- Release poster
- Directed by: R. P. Patnaik
- Written by: R. P. Patnaik
- Produced by: Sevenhills Satish
- Starring: Temper Vamsi; Ravi Prakash; Siva Karthik; Srinivasa Reddy; Ravi Babu; Satyam Rajesh;
- Cinematography: Anush Gorak
- Edited by: Anush Gorak
- Music by: Bharath Madhusudhanan
- Production company: Sevenhills Productions
- Distributed by: Aha
- Release date: 31 January 2025;
- Running time: 104 minutes
- Country: India
- Language: Telugu

= Coffee with a Killer =

2025 Indian Telugu-language film by R. P. Patnaik

Coffee with a Killer is a 2025 Indian Telugu-language comedy thriller film written and directed by R. P. Patnaik. The film features Temper Vamsi, Ravi Prakash, Siva Karthi, Srinivasa Reddy, Ravi Babu, Satyam Rajesh and others in important roles.

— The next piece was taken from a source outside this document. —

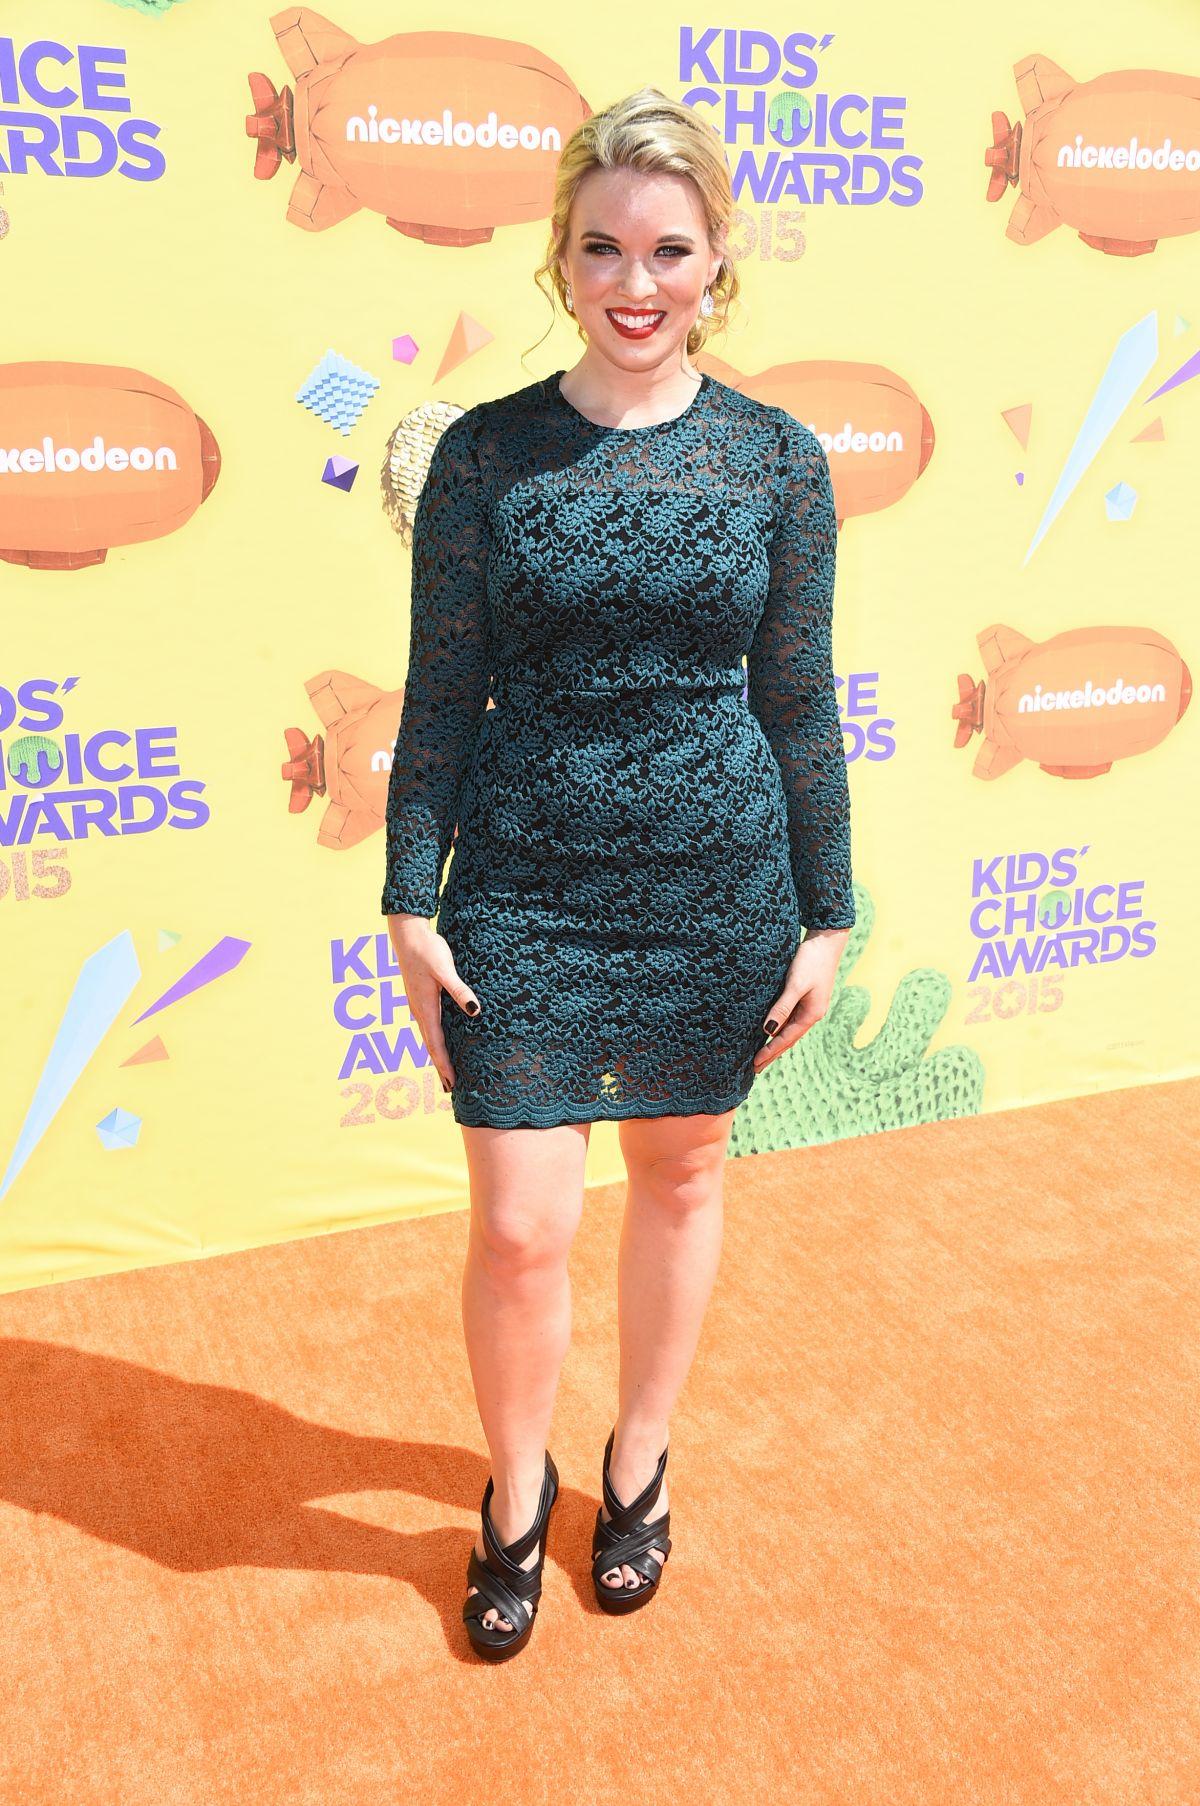 KRISTIN COLEMAN at 2015 Nickelodeon Kids Choice Awards in Inglewood

The film was released on 31 January 2025 on Aha.

== Plot ==
A professional killer, was hired to kill his target in a busy coffee shop. But the same coffee shop if filled with different people, with different stories. How will the killer fulfill his task is the story.

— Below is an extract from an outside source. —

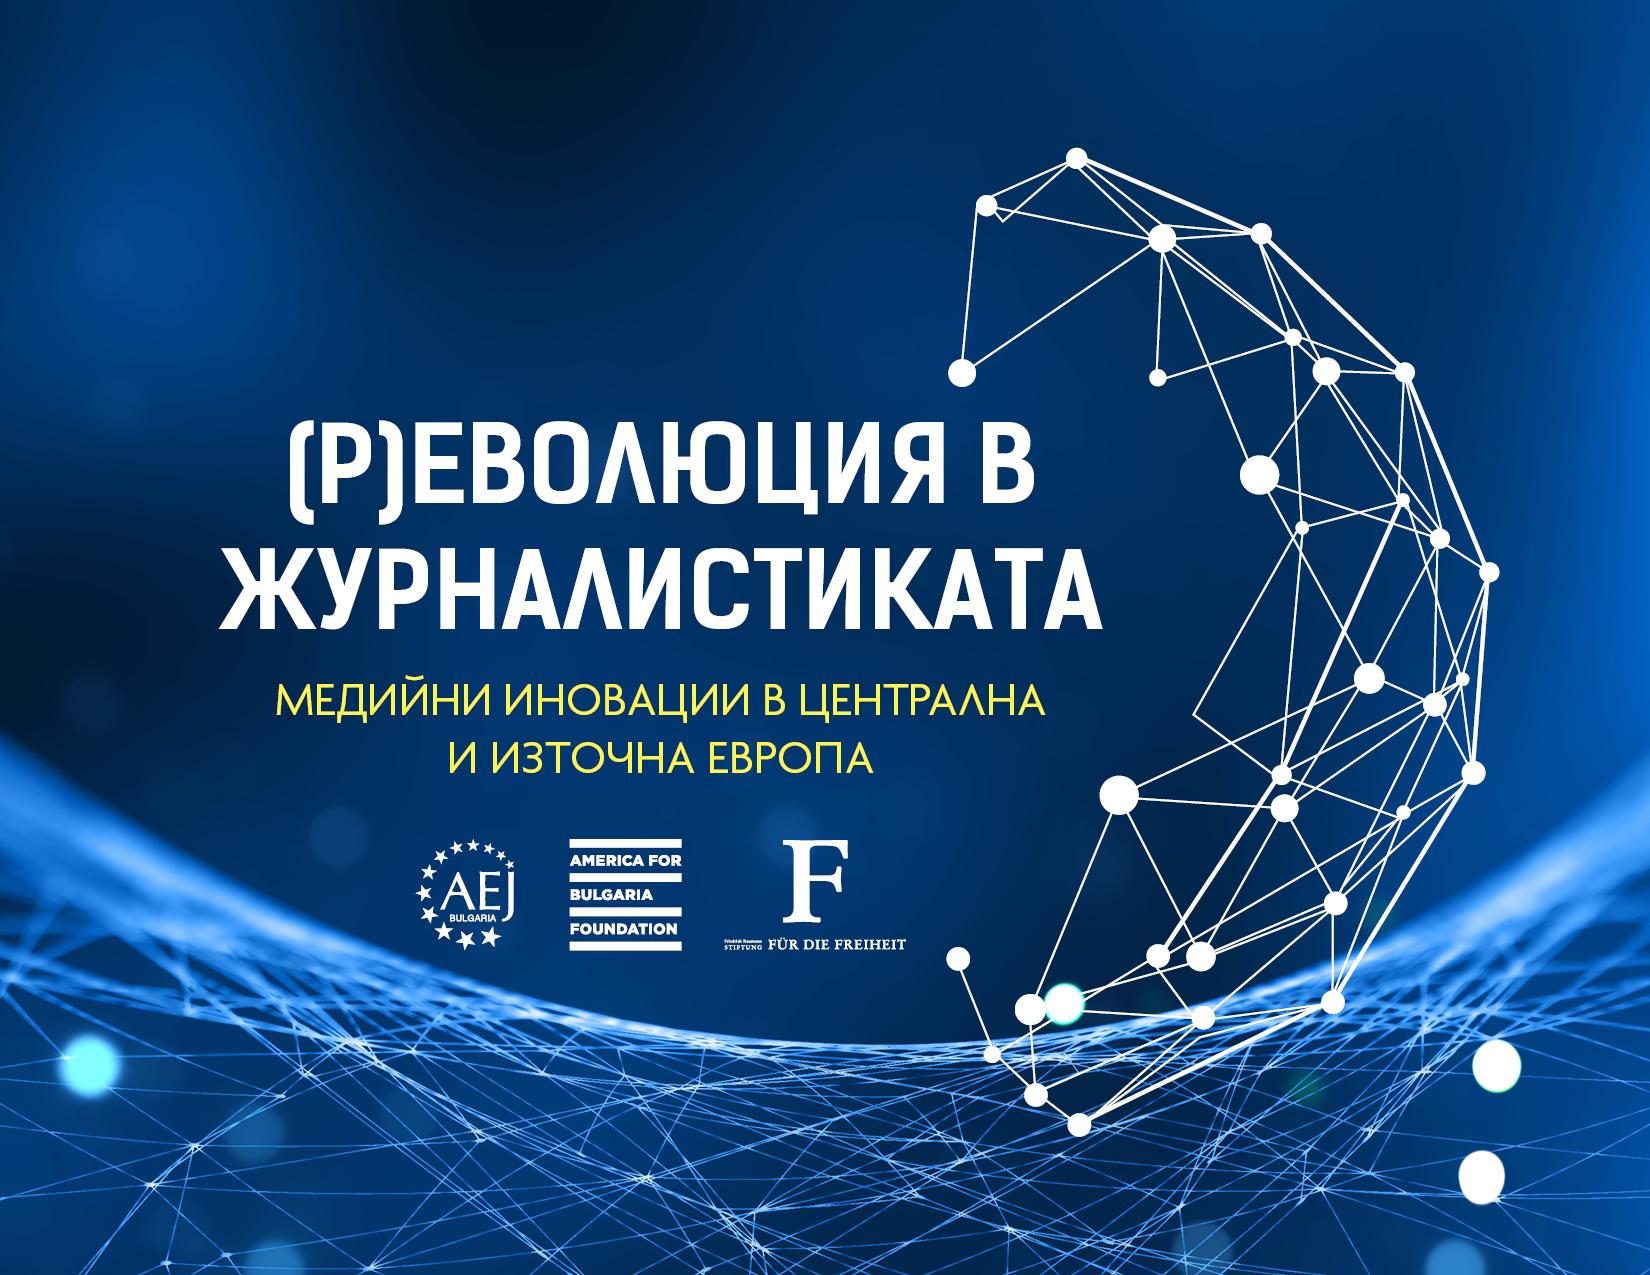 АЕЖ-България представя медийните иновации в Централна и Източна Европа

== Release and reception ==
Coffee with a Killer was originally scheduled for a theatrical release but had a direct-to-video release on Aha on 31 January 2025.

Avad Mohammad of OTTPlay gave a rating of 2.5 out of 5 and wrote that, "Coffee with a Killer is a suspense drama that has a great premise but the narration is made silly by adding silly tracks".